_Work to be completed:_
Any image in the records is to be skipped; everything else should be reproduced exactly.

_Records provided:_
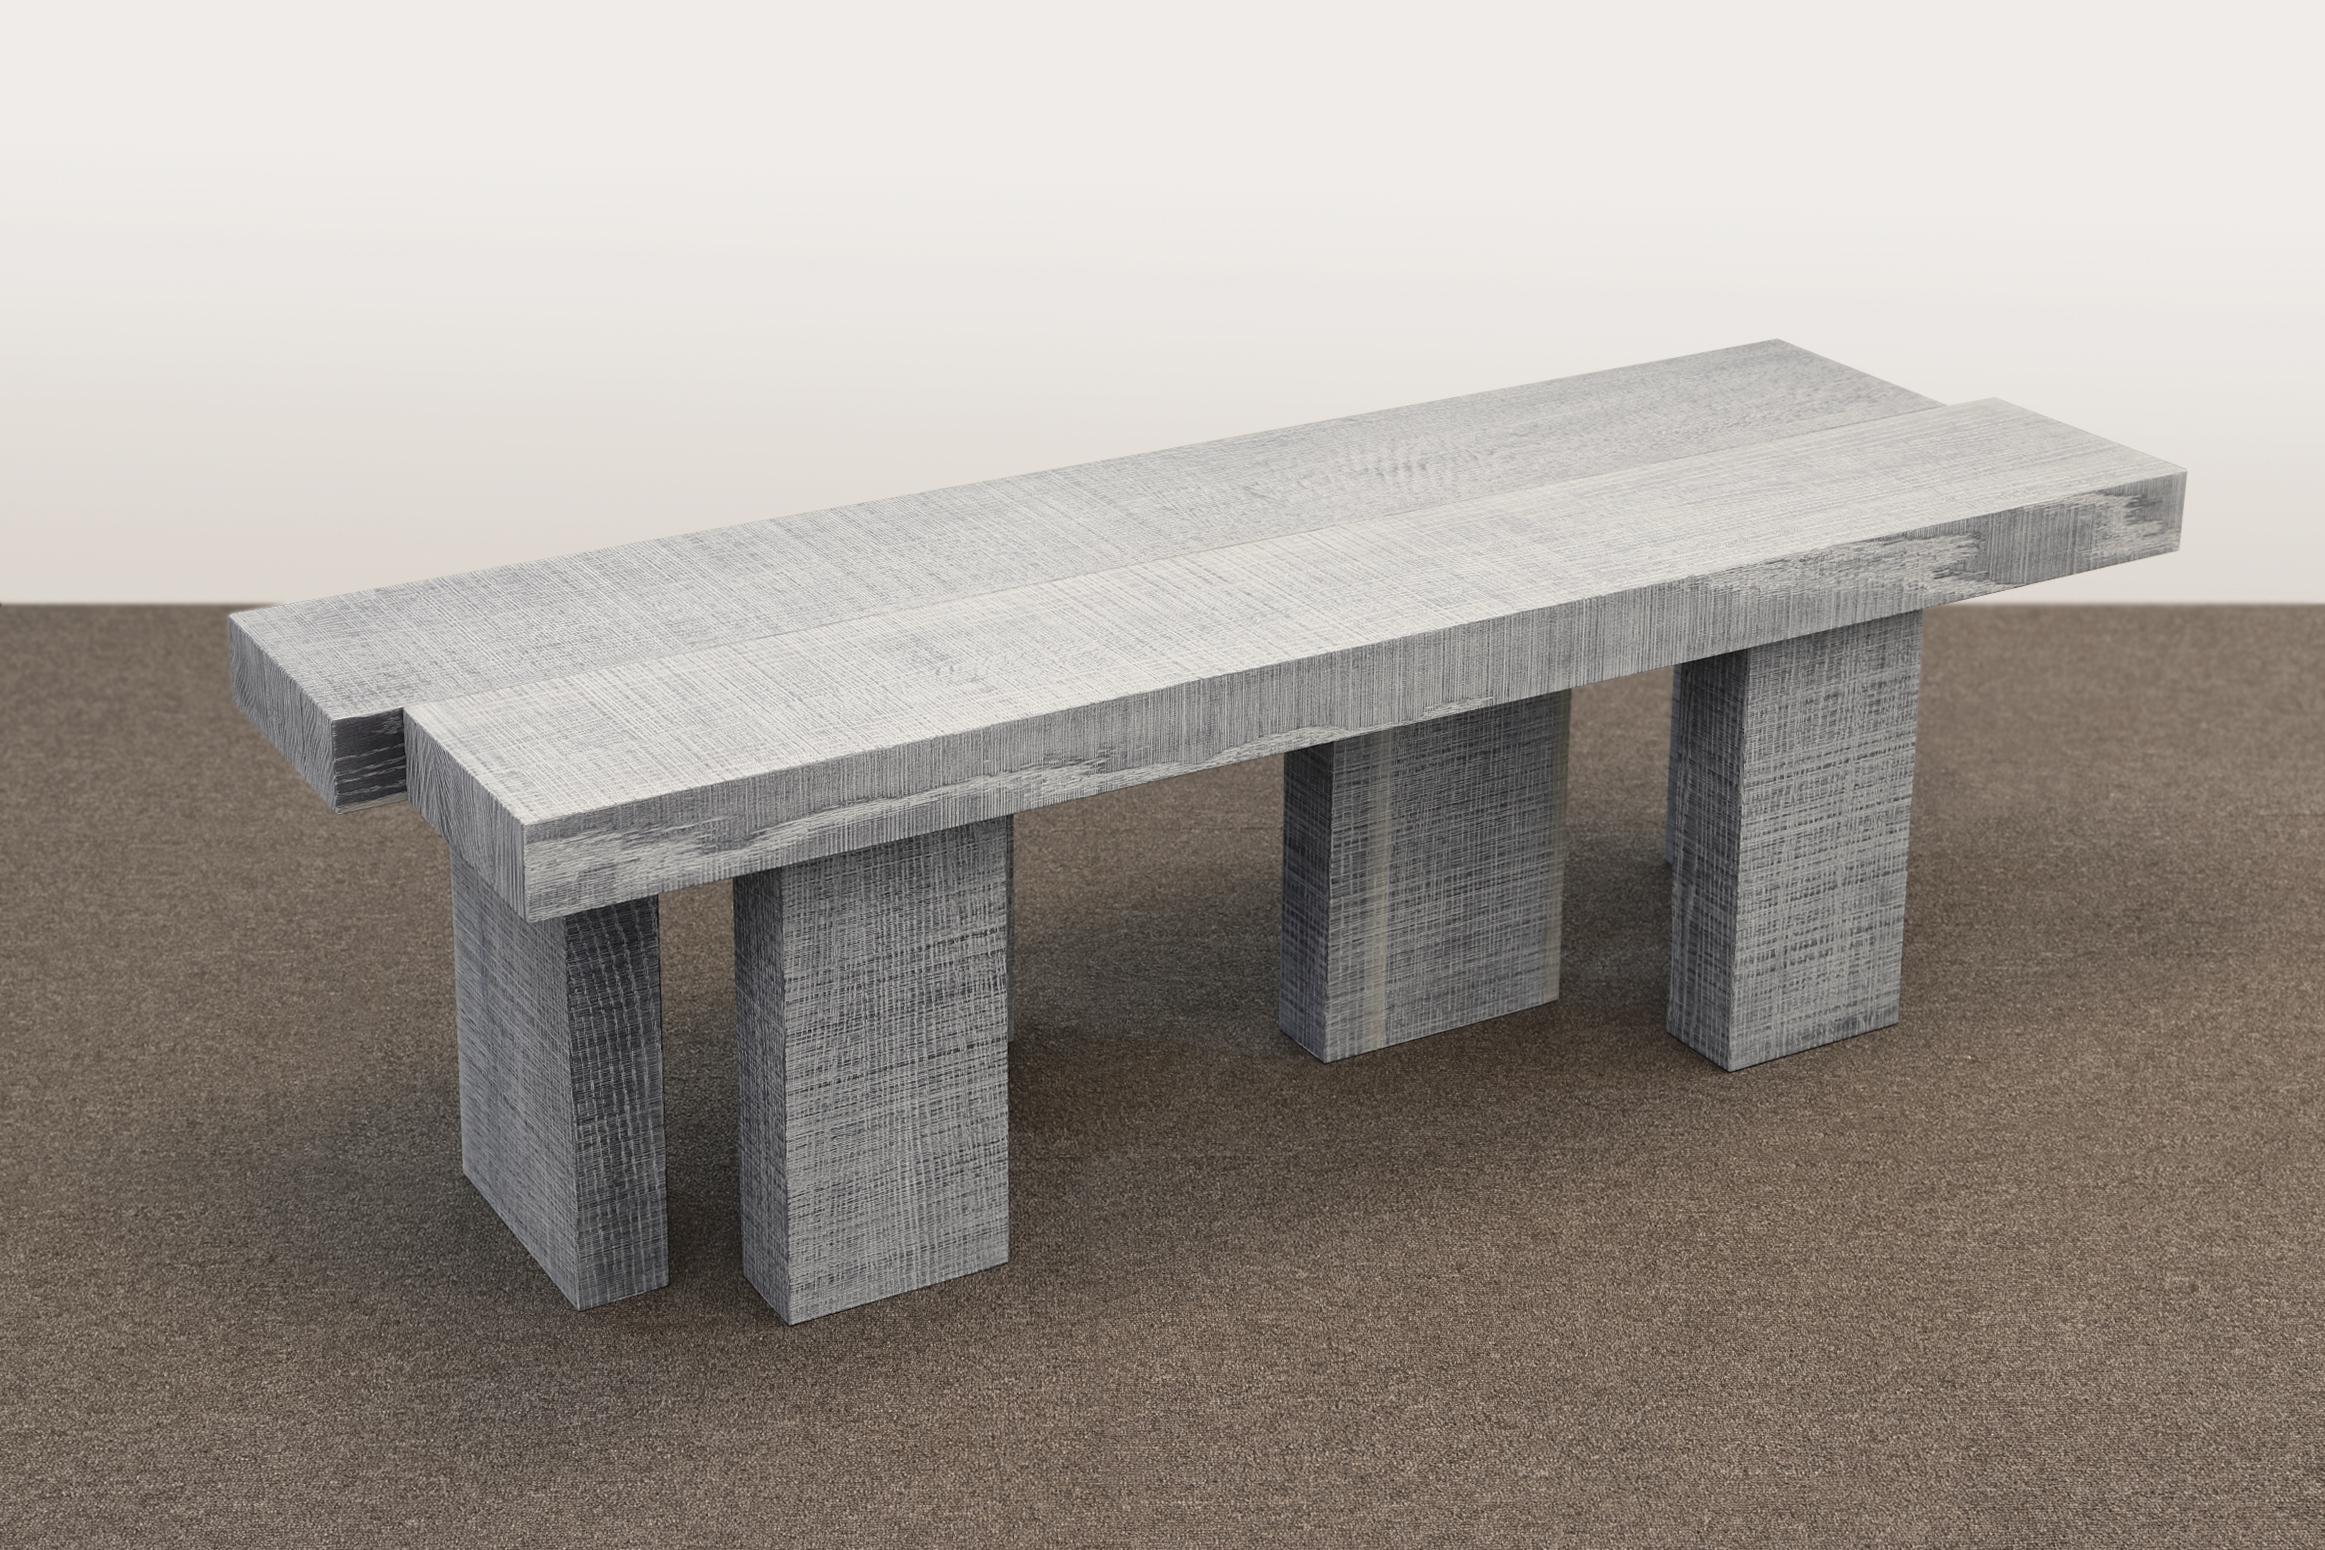 White Layered oak wood bench by Hyungshin Hwang
Dimensions: D 120 x W 36 x H 42 cm
Materials: oxidized red oak

Layered Series is the main theme and concept of work of Hwang, who continues his experiment which is based on architectural
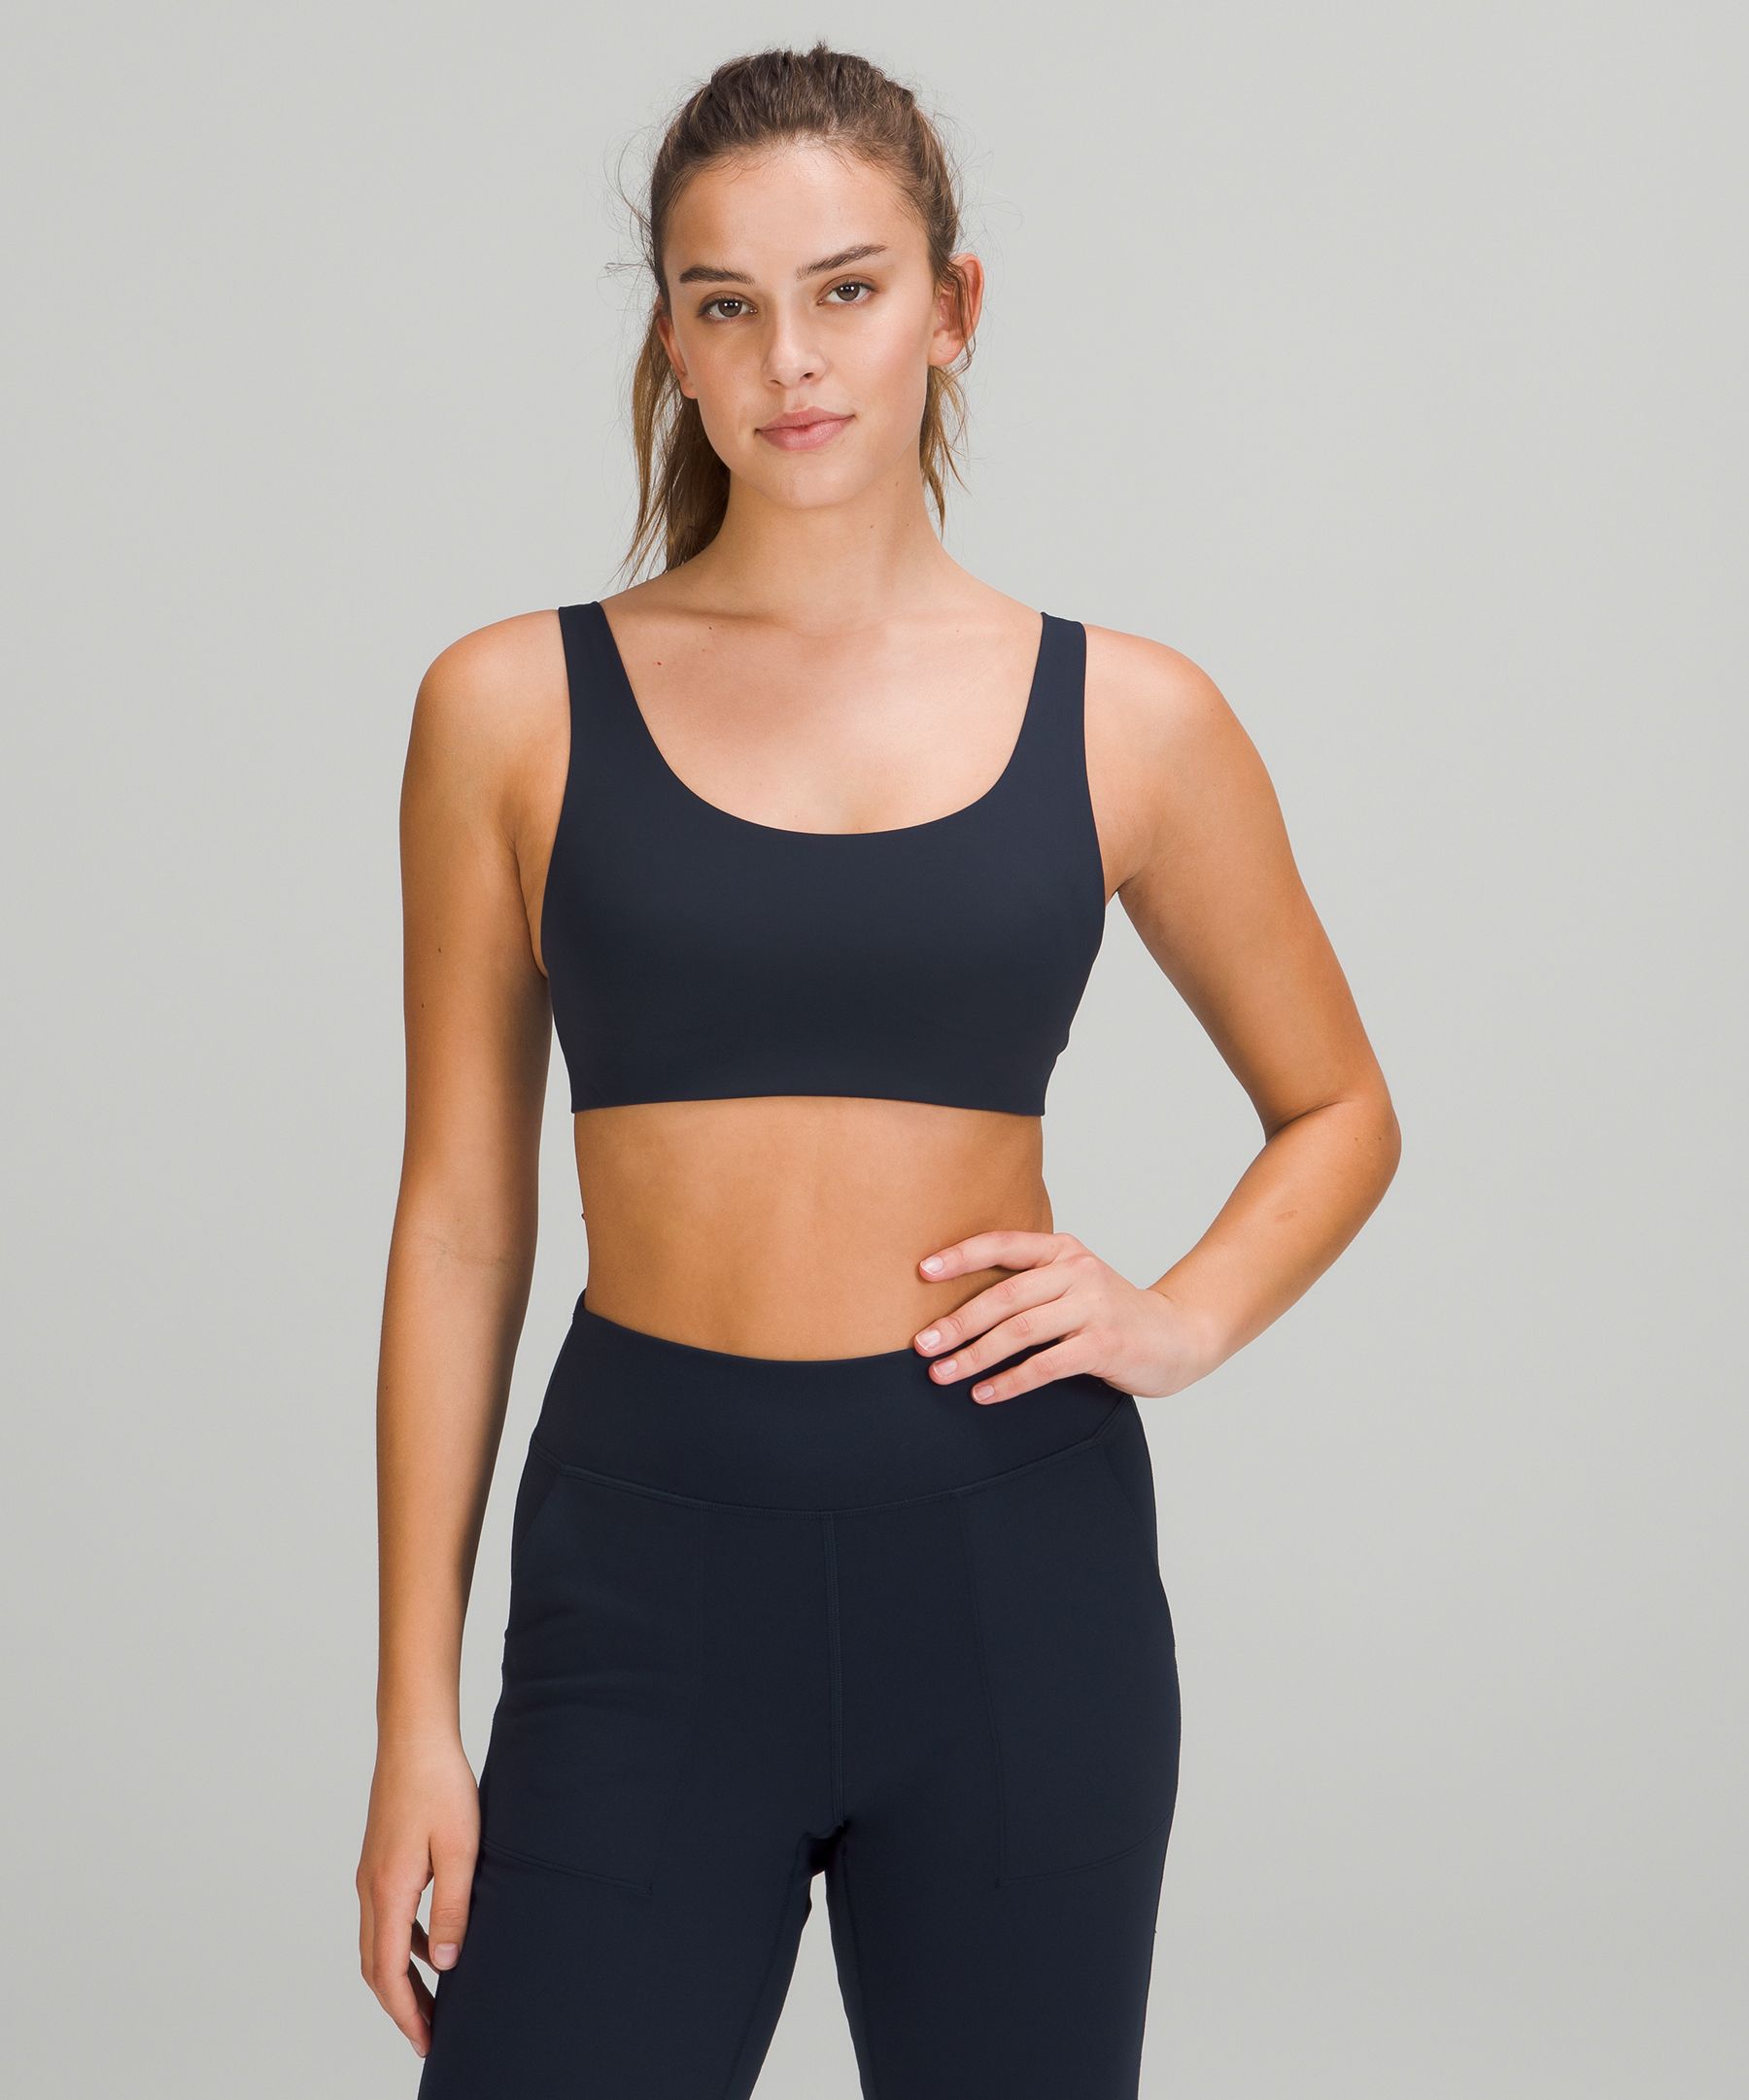 Lululemon In Alignment Straight Strap Bra *Light Support, A/B Cup
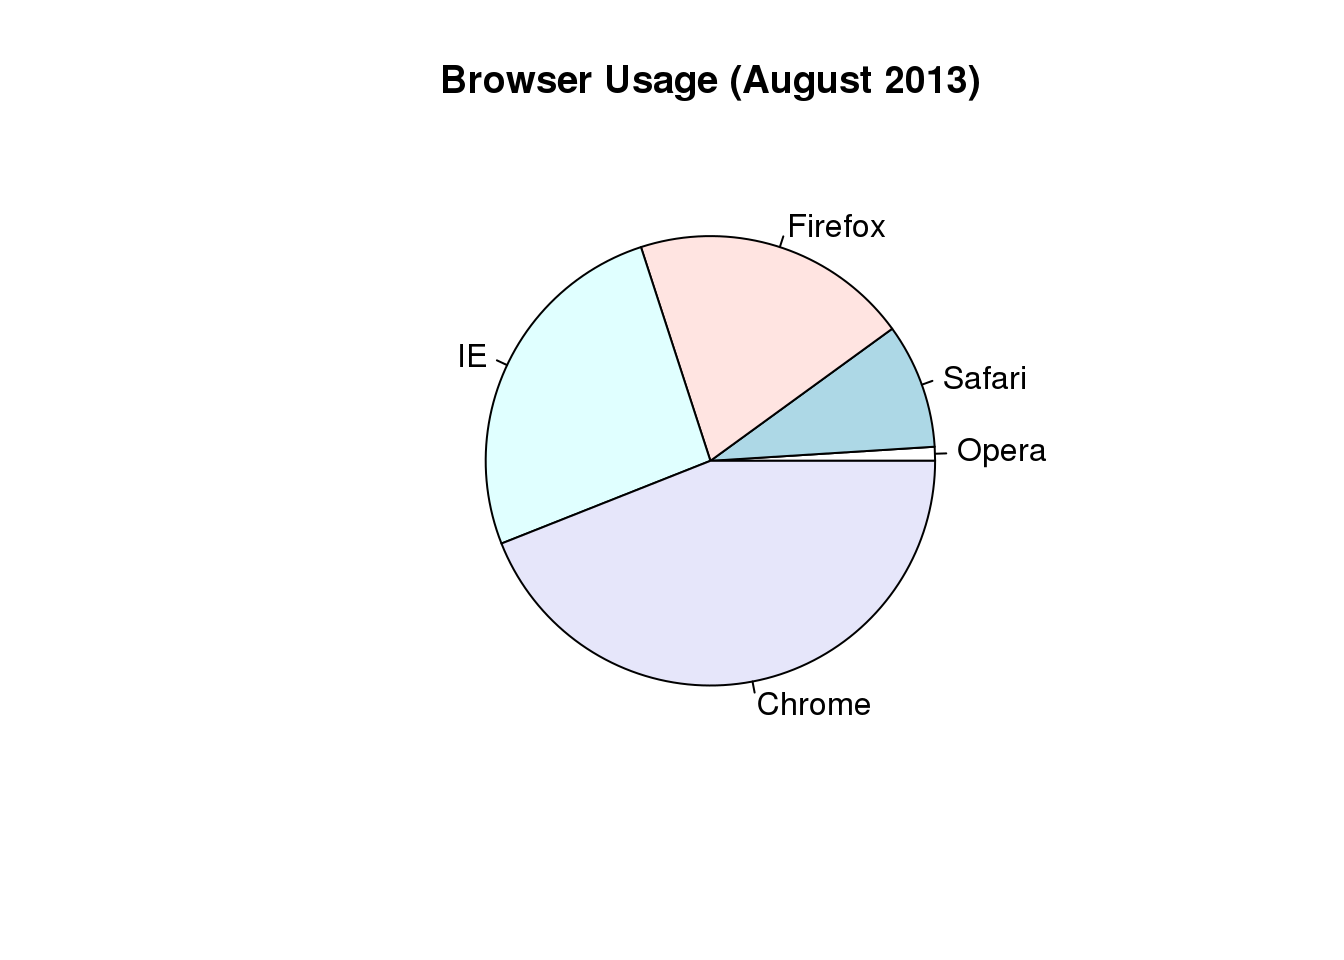 Pie chart of browser usage.

_Completed exercise:_
 White Layered oak wood bench by Hyungshin Hwang
Dimensions: D 120 x W 36 x H 42 cm
Materials: oxidized red oak

Layered Series is the main theme and concept of work of Hwang, who continues his experiment which is based on architectural
 Lululemon In Alignment Straight Strap Bra *Light Support, A/B Cup
 Pie chart of browser usage.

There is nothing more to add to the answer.